By Dustin Rowles | Box Office Round-Ups | March 28, 2011 |

By Dustin Rowles | Box Office Round-Ups | March 28, 2011 |


Zack Snyder’s Sucker Punch opened with a hugely disappointing (at least from the studio’s perspective) $19 million over the weekend, falling $5 million short of the top film, Diary of the Wimpy Kid 2, which earned back its budget in the first weekend. Sucker Punch, much like Scott Pilgrim vs. the World last year, is turning into that movie that everyone wants to talk about that, relatively speaking, no one has actually seen. It has been fun to read, though: For a film that opened with the same box-office that No Strings Attached opened with, people feel awfully strong about their opinions. In the movie-blog Twitterverse, it’s turned into a pissing match — there’s a lot of name-calling, and everyone insists that their opinion is the right one, to the detriment of everyone else. (Obviously, only one opinion can be right, and it’s TK’s, of course).

Seriously, though: It’s opened up a lot of debate about fanboys and feminism, which is refreshing, even if that debate clearly goes over Zack Snyder’s own head. Snyder thinks that fanboys hate it because his “feminist” angle is an “indictment of fan boys,” while I get the feeling that the fanboys who do hate it hate it because it’s not a very good film. From some of the interviews I’ve read, I’m also not entirely sure that Zack Snyder knows what a “metaphor” is or why dressing a woman in a school-girl outfit, calling her Babydoll, and dropping her in a brothel might not be perceived the way in which he wanted it to be perceived.

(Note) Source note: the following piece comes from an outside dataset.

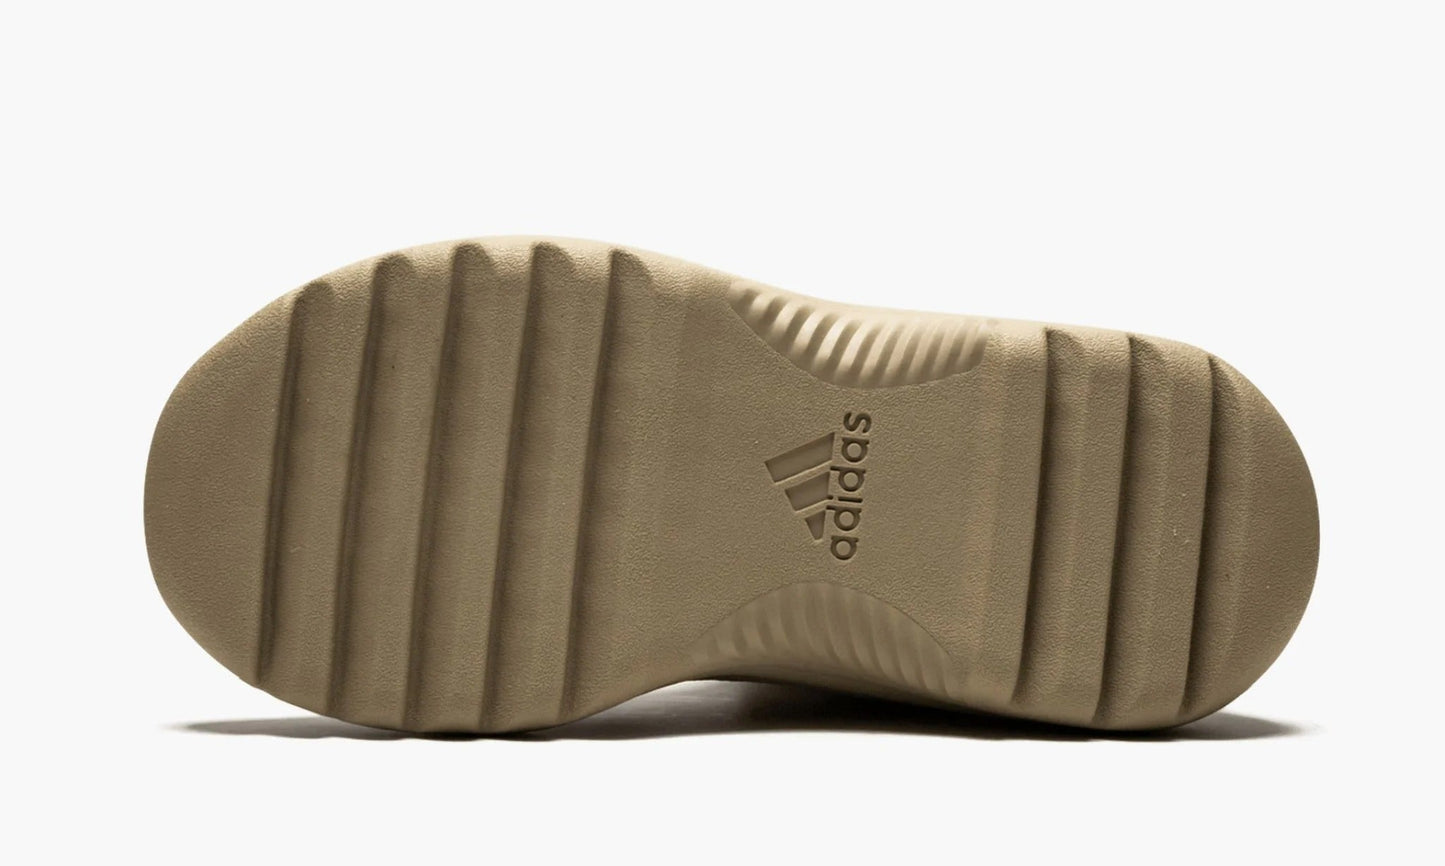 Adidas Yeezy Desert Boot Rock - EG6462 | The Sortage

In either respect, it’s been interesting gauging opinion around the Internet on Sucker Punch, from Angie Han’s piece (Why Ass-Kicking and Empowering Aren’t Always the Same Thing) to Cole Abaius’ Empowerment and Exploitation of ‘Sucker Punch’ Are in the Gaze of the Beholder, as well as a few — what I thought were misguided — defenses of the film. And some have to be wondering, as Christopher Campbell does, Why Men Are Co-Opting the Feminist Debate? I think this piece, posted before the movie came out, seems to capture the argument fairly well.

In either respect, from a box-office standpoint, after the poor performance of Sucker Punch, on the heels of the disappointing showings of Watchmen and Legend of the Guardians: The Owls of Ga’Hoole, Warner Brothers has to be concerned with their Superman reboot. Snyder’s name is becoming perilously close in reputation as that of M. Night Shyamalan, the kind of name that might elicit boos in crowded theaters. I wouldn’t be surprised if he’s kicked to the curb, officially or unofficially, in favor of Jonathan Nolan.

Elsewhere in the box-office, both Limitless (-19.5%) and The Lincoln Lawyer (-16.7%) had very small drops from last week, holding well as adult-oriented fare continues its rebound at the box office. Rango, meanwhile, landed at number five with another $10 million, pushing it over $100 million.